Given points $ A(−5,12), B(−2,−3), C(9,−10), D(6,5)$

Complete step-by-step solution -
Distance AB=\[\begin{gathered}
  \sqrt {{{( - 5 + 2)}^2} + {{(12 + 3)}^2}} \\
  \sqrt {234} \\
\end{gathered} \]
 Distance BC=$
  \sqrt {{{( - 2 - 9)}^2} + {{( - 3 + 10)}^2}} \\
  \sqrt {170} \\
$
Distance CD=$
  \sqrt {{{(9 - 6)}^2} + {{( - 10 - 5)}^2}} \\
  \sqrt {234} \\
$
Distance AD=$
  \sqrt {{{( - 5 - 6)}^2} + {{(12 - 5)}^2}} \\
  \sqrt {170} \\
$
Distance AC=$
  \sqrt {{{( - 5 - 9)}^2} + {{(12 + 10)}^2}} \\
  \sqrt {680} \\
$
Distance BD=$
  \sqrt {{{( - 2 - 6)}^2} + {{( - 3 - 5)}^2}} \\
  \sqrt {128} \\
$
If we See AB=CD and BC=AD
Now we use the Pythagoras theorem to find whether the two adjacent lines make a right angle or not. so, for point A,B,C if ${{(AC)}^2} ={{(AB)}^2+ {(BC)}^2}$ then AB and BC will have the right angle.

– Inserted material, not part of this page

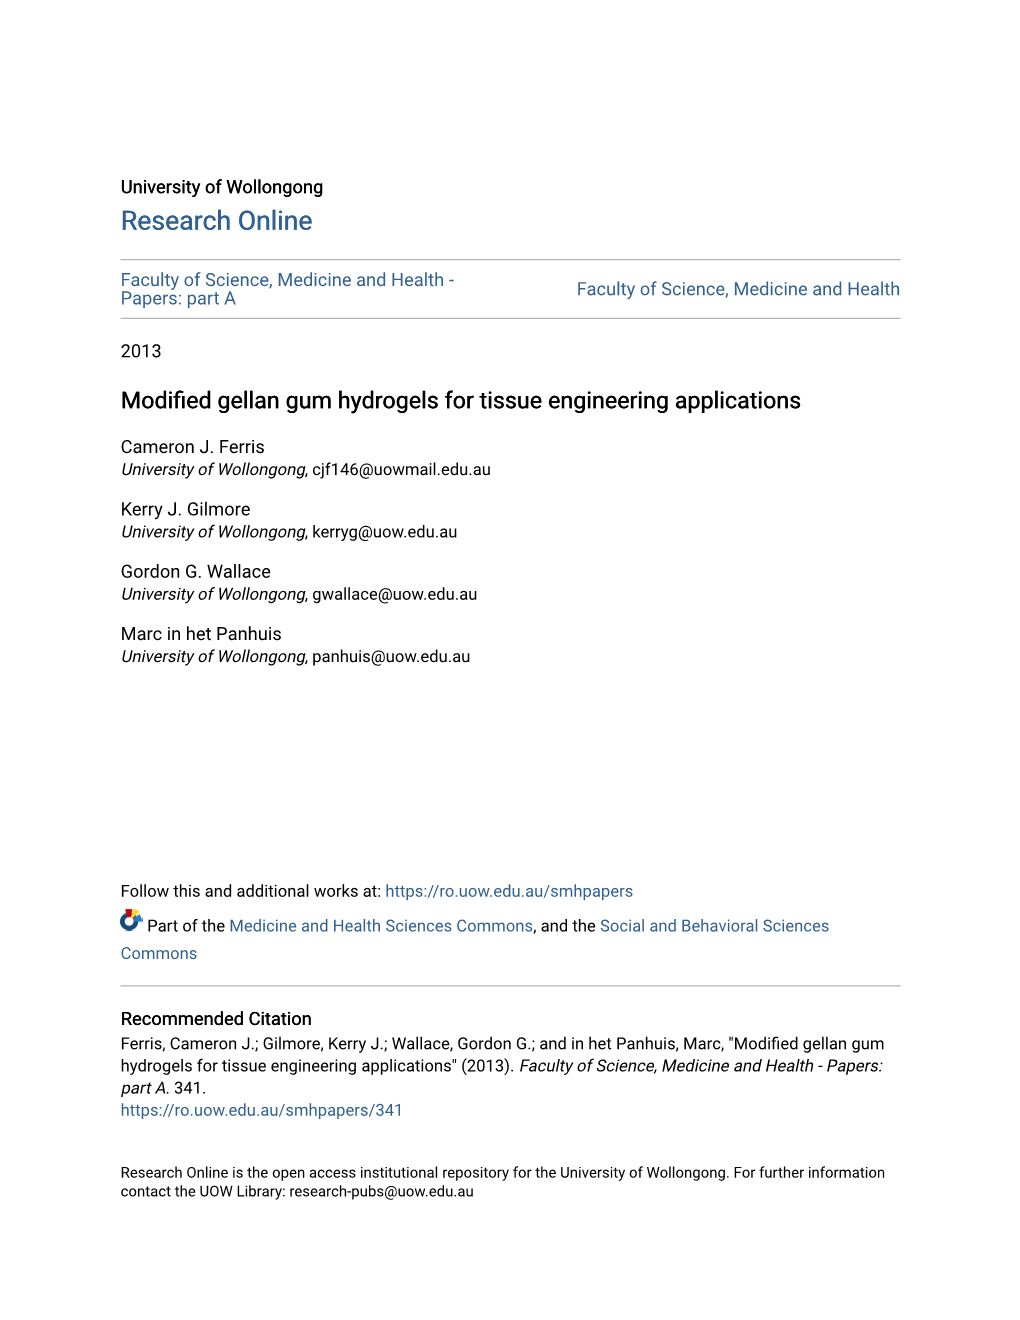 Modified Gellan Gum Hydrogels for Tissue Engineering Applications

${{AB}^2 + {BC}^2}$ = ${\sqrt {234}}^2$ + ${\sqrt {170}}^2$ = 404
$\Rightarrow {(AC)}^2$ = ${\sqrt {680} }^2$ = 680
Here ${{(AC)}^2} \ne {{[(AB)}^2+ {{(BC)}^2}]}$ on solving like this we have ${{(BD)}^2} \ne {{[(AB)}^2 + {{(AD)}^2}]} $.

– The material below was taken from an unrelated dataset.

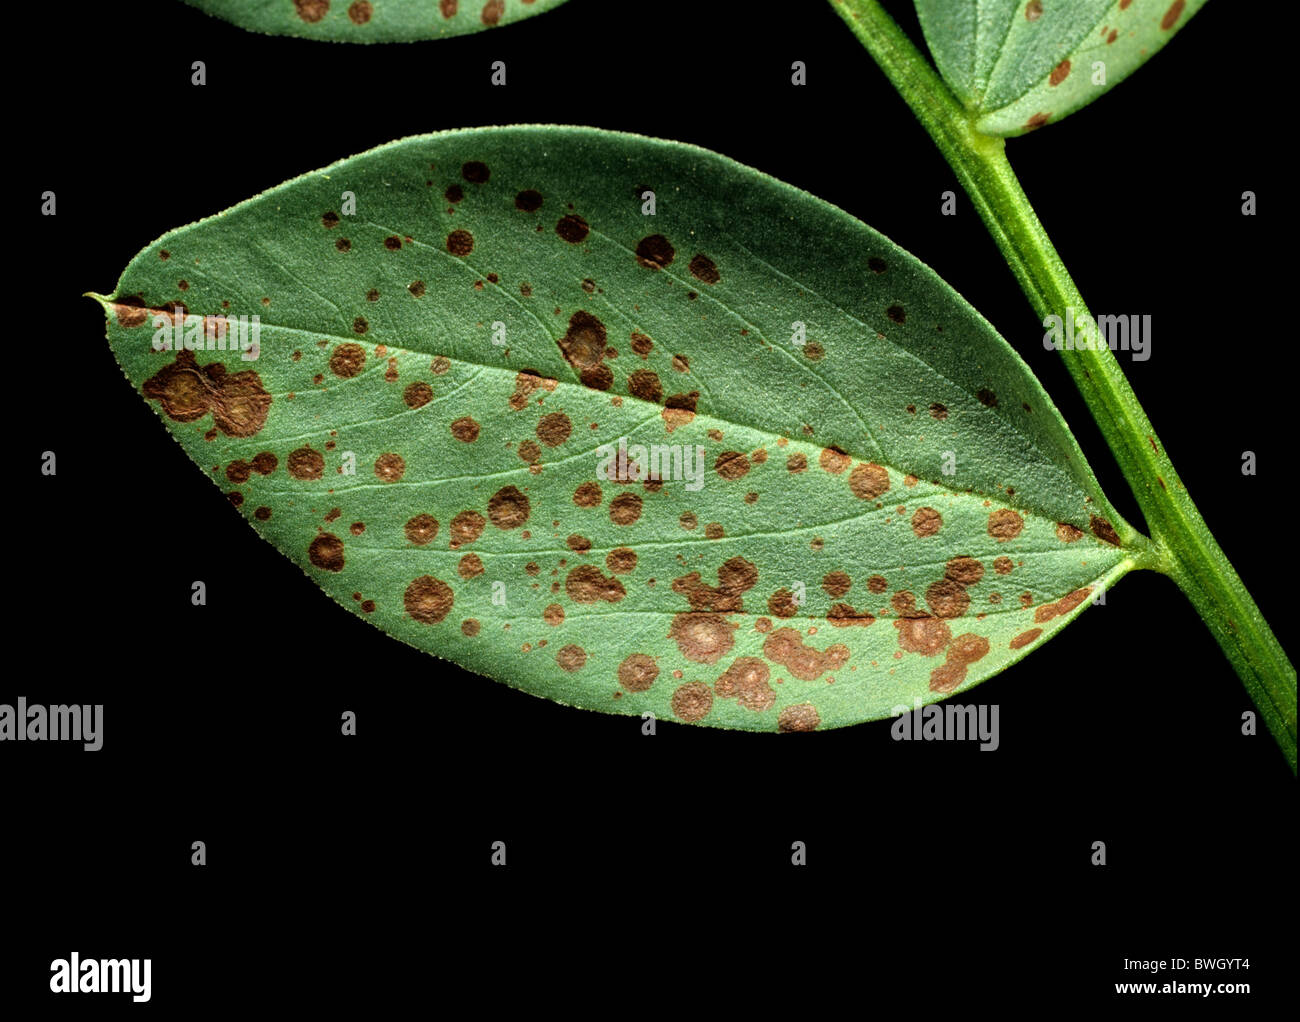 Chocolate spot (Botrytis fabae) early lesions on field bean leaf Stock Photo

These opposite pairs of sides are equal and there is no right angle . So these points form a parallelogram. Hence, the correct option would be a. parallelogram.

Note- In this question we should have the basic knowledge of knowing and applying the formulas, as in the question we were stated four different points and we had to find the figure as by using a basic formula to find the sides of the figure we easily found the answer. As the question provides half of the information and formulas helps in finding the missing part.